SOURCE DATA below:

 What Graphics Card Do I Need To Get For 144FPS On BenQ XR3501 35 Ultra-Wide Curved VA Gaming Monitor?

End of SOURCE DATA.
SOURCE DATA below:

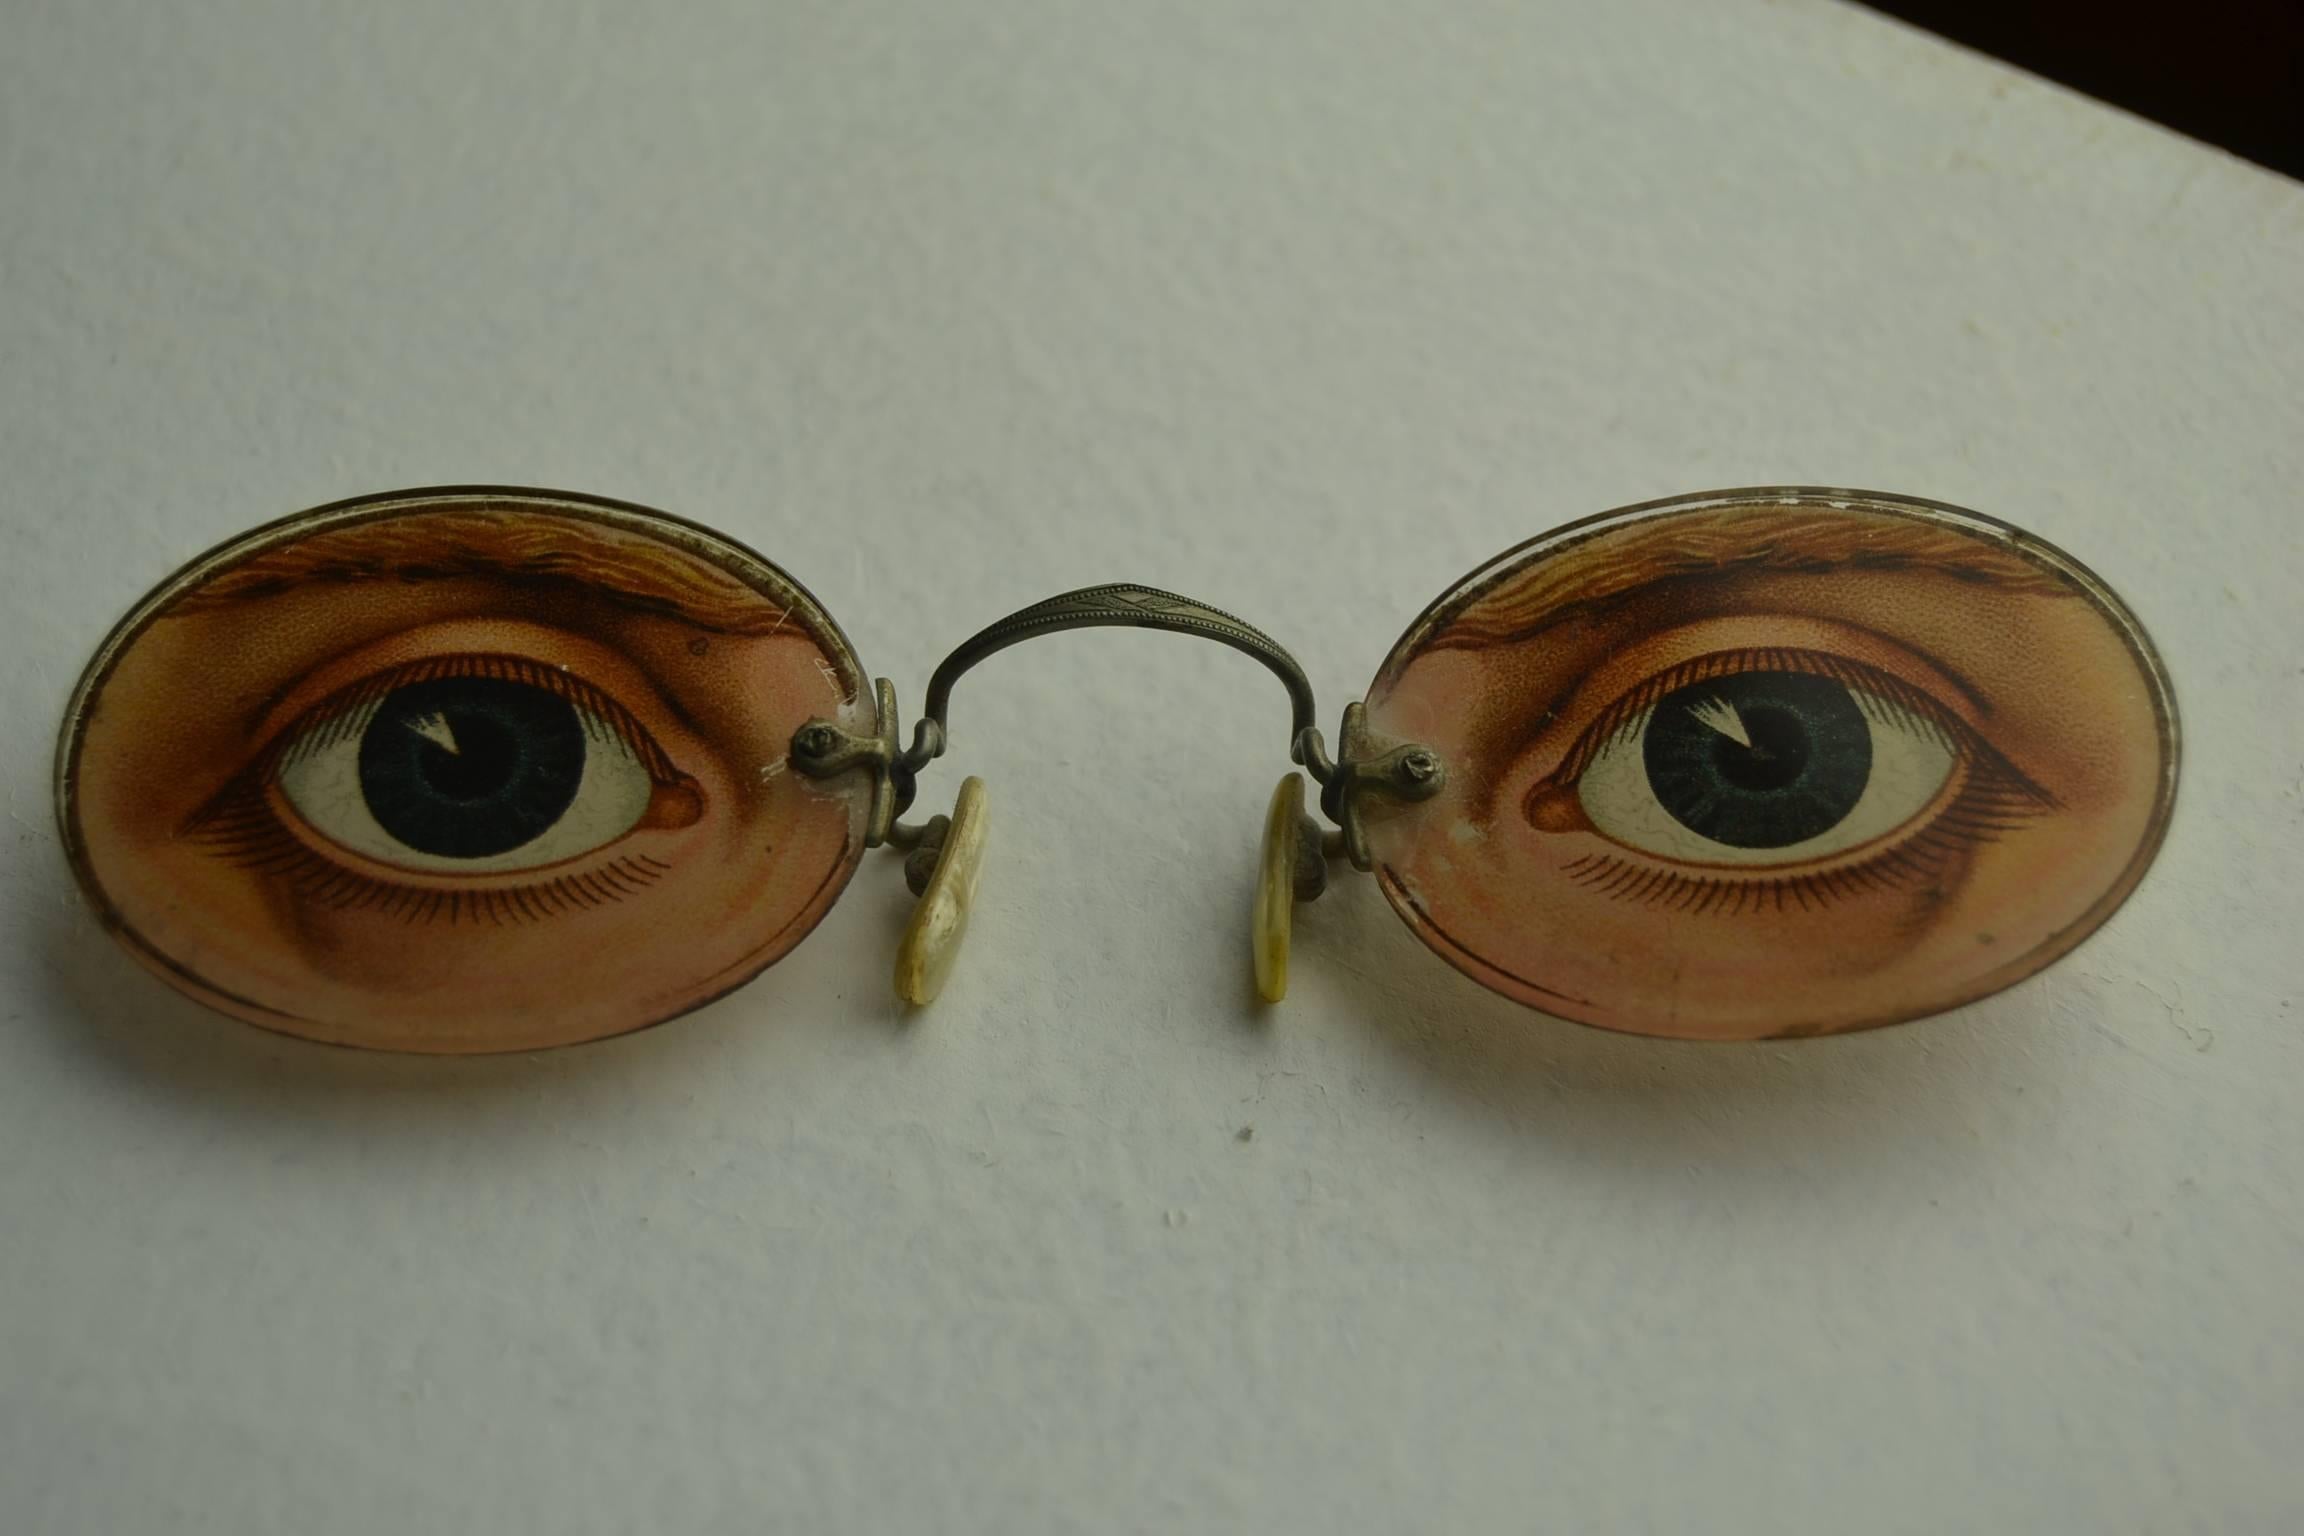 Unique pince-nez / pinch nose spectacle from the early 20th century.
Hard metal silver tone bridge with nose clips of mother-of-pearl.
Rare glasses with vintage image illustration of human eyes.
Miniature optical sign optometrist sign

End of SOURCE DATA.

■ WHAT THE TASK ASKS: Show every line from the entries that includes the word "with".

■ SOLVED PROBLEM:
Hard metal silver tone bridge with nose clips of mother-of-pearl.
Rare glasses with vintage image illustration of human eyes.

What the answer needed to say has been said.